In this situation, repeated calls for ‘coherent media strategy’ in the middle of a very divisive leadership election are rather mischevious – a proxy for more generalised concerns about Corbyn’s leadership: that he has not developed policies that speak to the interests of working people across the country, that he is a weak leader, that he attends too many rallies, that he is a poor communicator. Of course these are all memes that have been actively nurtured by those who are desperate to undermine him – not least those in the media who can hardly be relied on to grant him free passage.

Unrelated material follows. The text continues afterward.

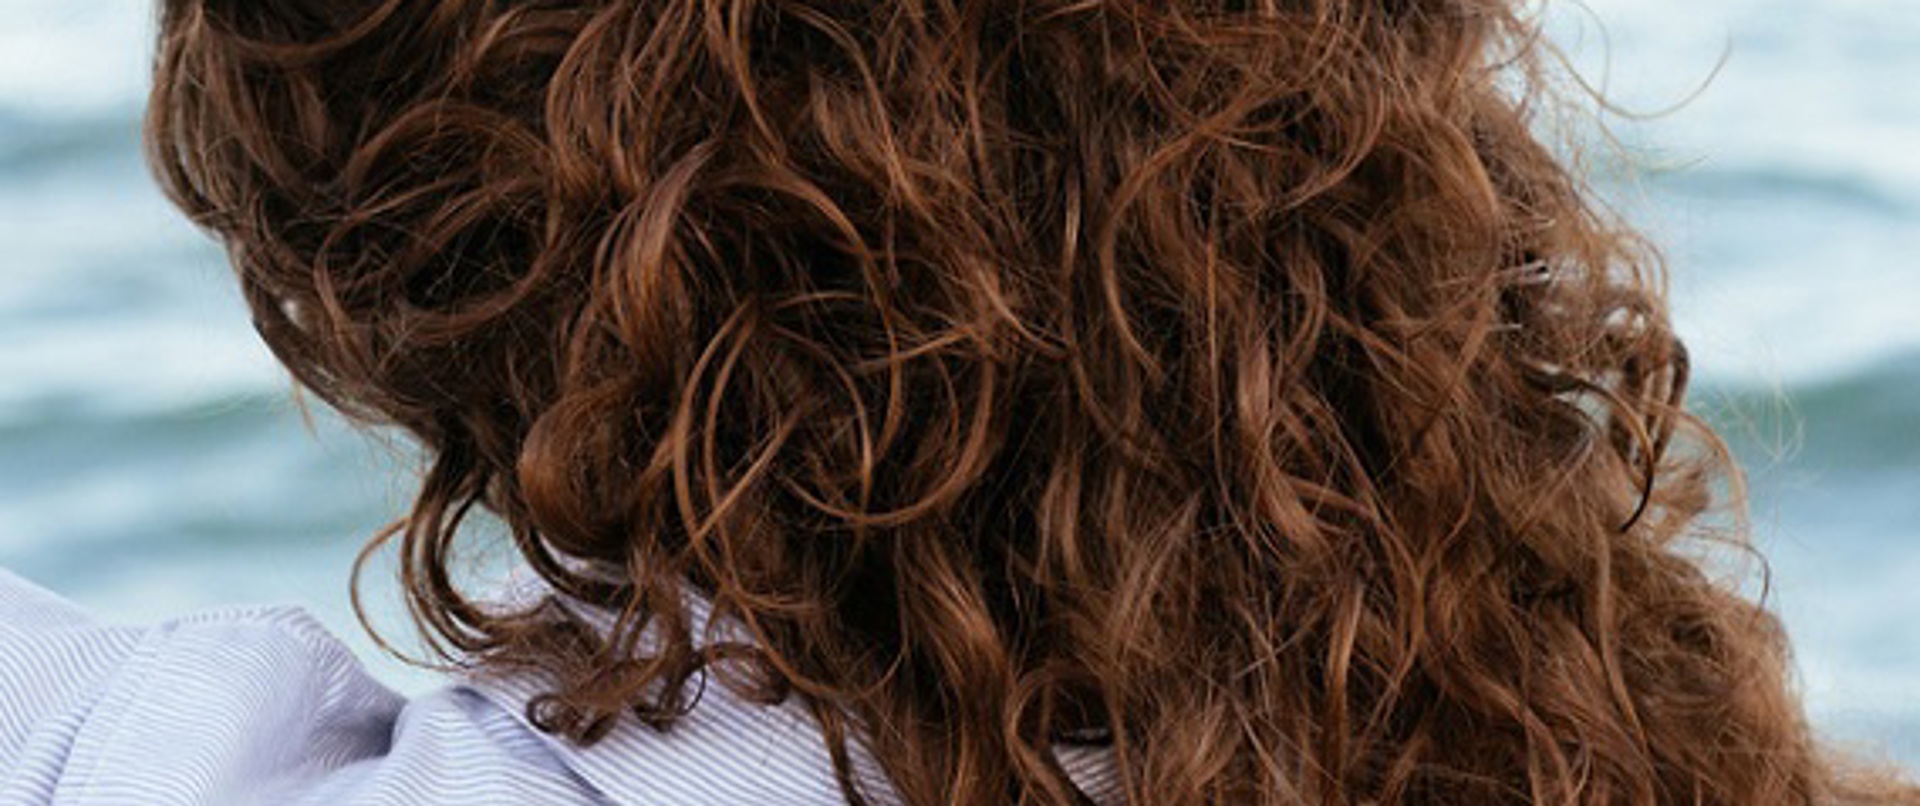 Kıvırcık doğal saçlara özel saç bakımı nasıl olmalı?

Jeremy Corbyn may indeed have made mistakes but it would be an even bigger mistake to imagine that a polished and professional media strategy – the kind of thing we saw under the leadership of Tony Blair – will be sufficient to fend off his enemies and assure his electoral popularity. Corbyn’s strength depends not on the skills of another Alistair Campbell but on his ability to nurture a social movement that can truly articulate the concerns and hopes of millions of British people. That would be a hard story to ignore.

Des Freedman

Des Freedman is Professor of Media and Communications in the Department of Media and Communications at Goldsmiths, University of London. He is the co-author of 'The Media Manifesto' (Polity 2020, author of 'The Contradictions of Media Power' (Bloomsbury 2014), co-editor of 'The Assault on Universities: A Manifesto for Resistance' (Pluto 2011), and former Chair of the Media Reform Coalition.